Electronics spin the ruptured progressions of Kaiser's trumpet into so many kaleidoscopic variations, thickening the texture of the music and constructing a bevy of relationships, each fraught with significance...highly cerebral electronics perform an act of cannibalism on the other instruments, blurring the crests and tropes of the compositions and emitting a pastiche of wailing horns and low synthetic hum that is uncanny...It is an onslaught that, though unnerving, does not destroy, but rather tests and strengthens the conceptual apparatus through which one engages with such music in the first place.

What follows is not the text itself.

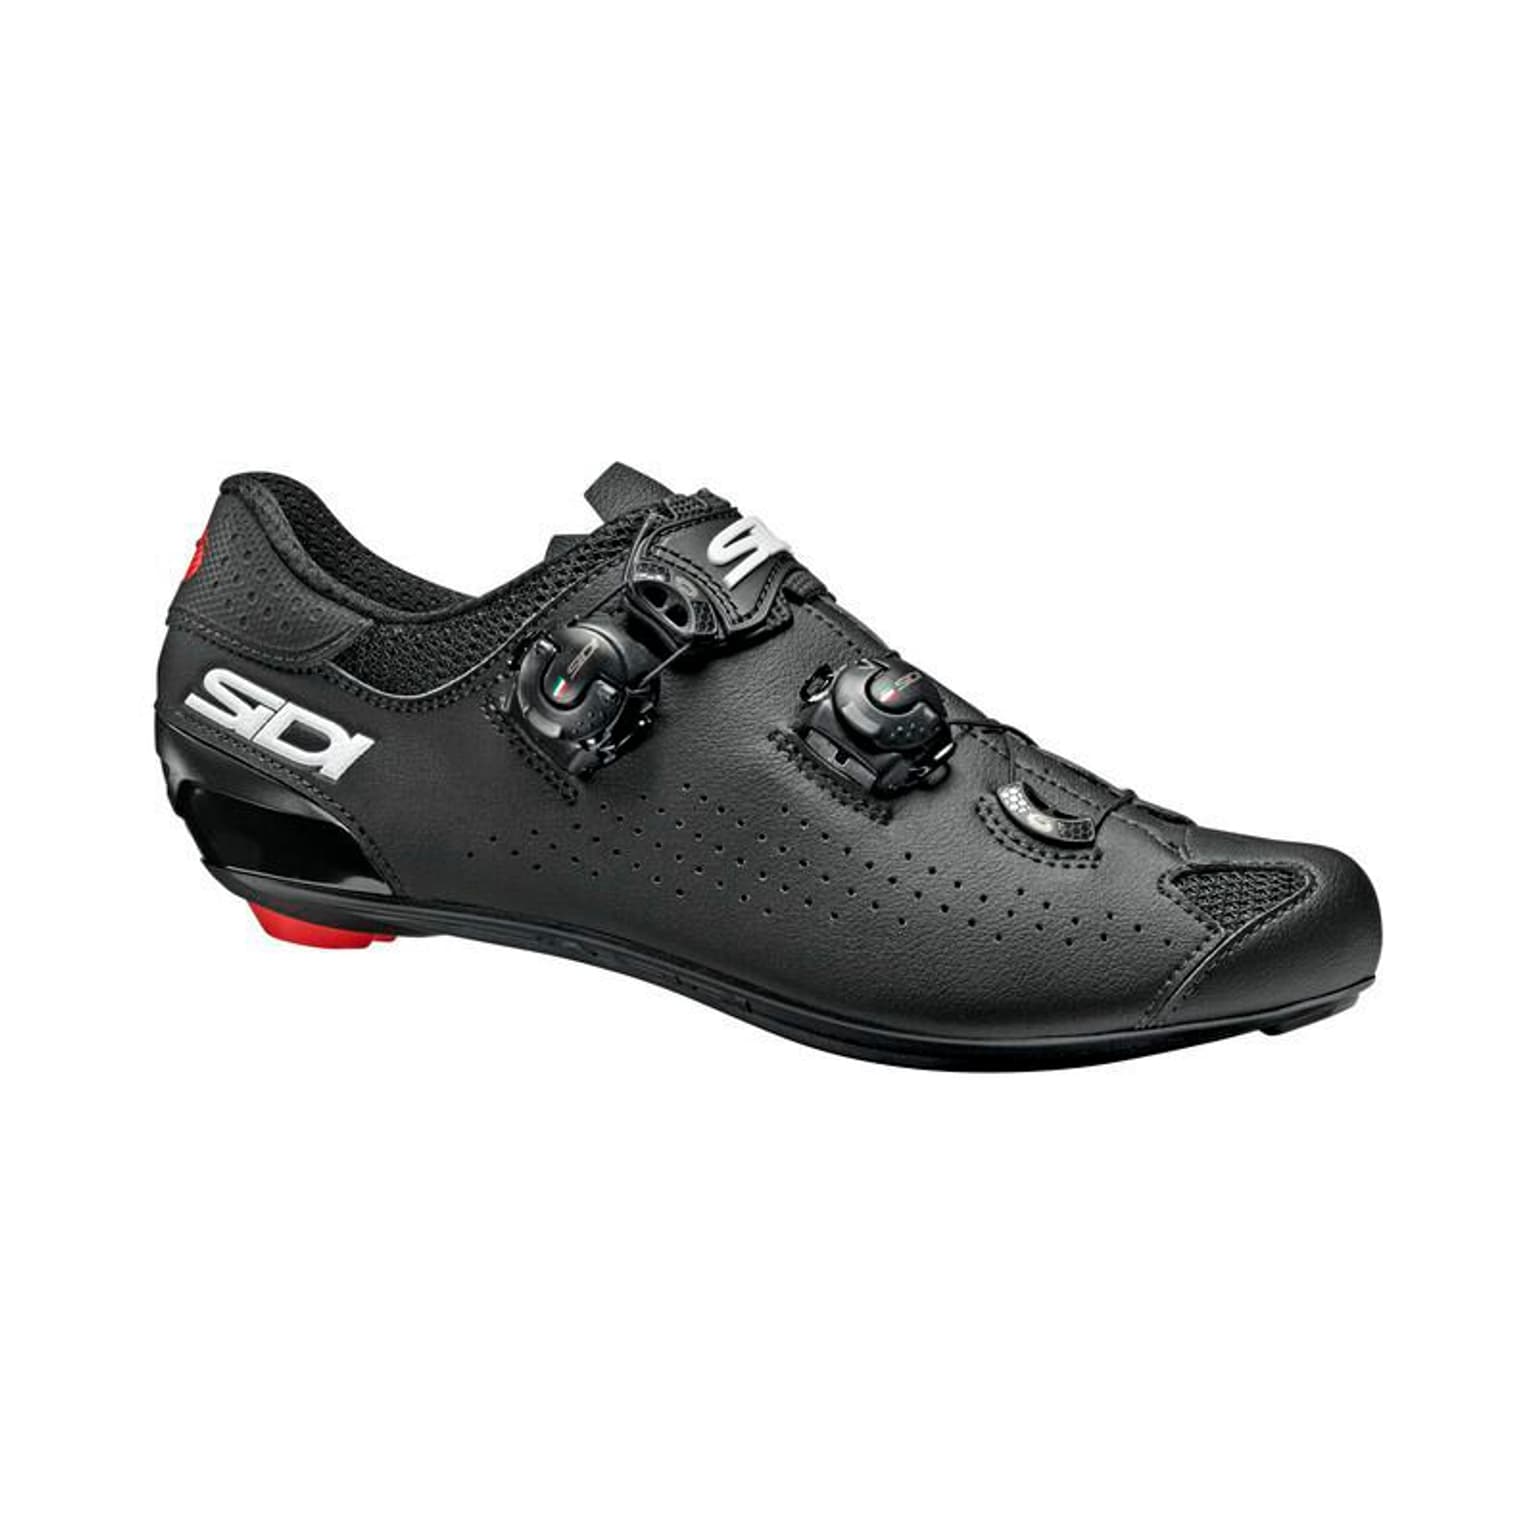 SIDI SIDI RR Genius 10 Carbon Composite Chaussures de cyclisme noir 1

Max Schaefer, Signal To Noise, Summer 2006
CHOIR BOYS WITH STRINGS [JEFF KAISER/ANDREW PASK/STEUART LIEBIG/G.E. STINSON] (pfMENTUM 037; USA) This is quite far from what most folks would expect from a quartet of trumpet, clarinet, bass guitar, and electric guitar, but it won't be a surprise to anyone familiar with Kaiser and Pask's previous duo work under the Choir Boys moniker. This is an electronic processing blowout, all four players largely masking the conventional sounds of their instrument with outer space swooshes and asteroid streaks. Kaiser (trumpet, quarter-tone trumpet, flugelhorn, electronics) and Pask (clarinet, bass clarinet, alto sax, bass penny whistle, electronics) are damn fine players, so my favorite parts come when the organic feeling of their horns finds a balance with the electronics. The playing is thoughtful, varied, and controlled, but it's a far cry from the kind of restrained improv that's common these days. These cats let loose with a rambunctious and gleeful spirit that reminds me of Sun Ra going into his most cosmic zone. Liebig and Stinson are hardcore veterans of the kind of multi-layered textural guitar extensions they focus on here, to the point where I'd strongly recommend this disc to fans of the general space/ambient genre who might have a hankering for some serious turbulence as they drift away.
- Michael Anton Parker, Downtown Music Gallery, NYC, NY
No, actually, no pure voiced choir boys or lush orchestrations turn up here. Hunt if you must and try and uncover them. At the opening pitches, your ear is plunged into an electronic search for signal playing tag with acoustic contributions from the clarinet. Sometimes the sonic clouds clear and off in the distance you see it, yes it, over there, but the fog rolls in before you can possibly get there. The lines are crossed, the vision blurred, the dream continues. But wait, over there, there it is. No, wrong again. Here is half of a cell phone call to Saturn relayed through an outdated videogame unit. Is he frustrated? Damn straight he is and he wants to go home. Please come and pick him up. He'll be waiting, waiting over there, next to it. You know. And hurry if you can.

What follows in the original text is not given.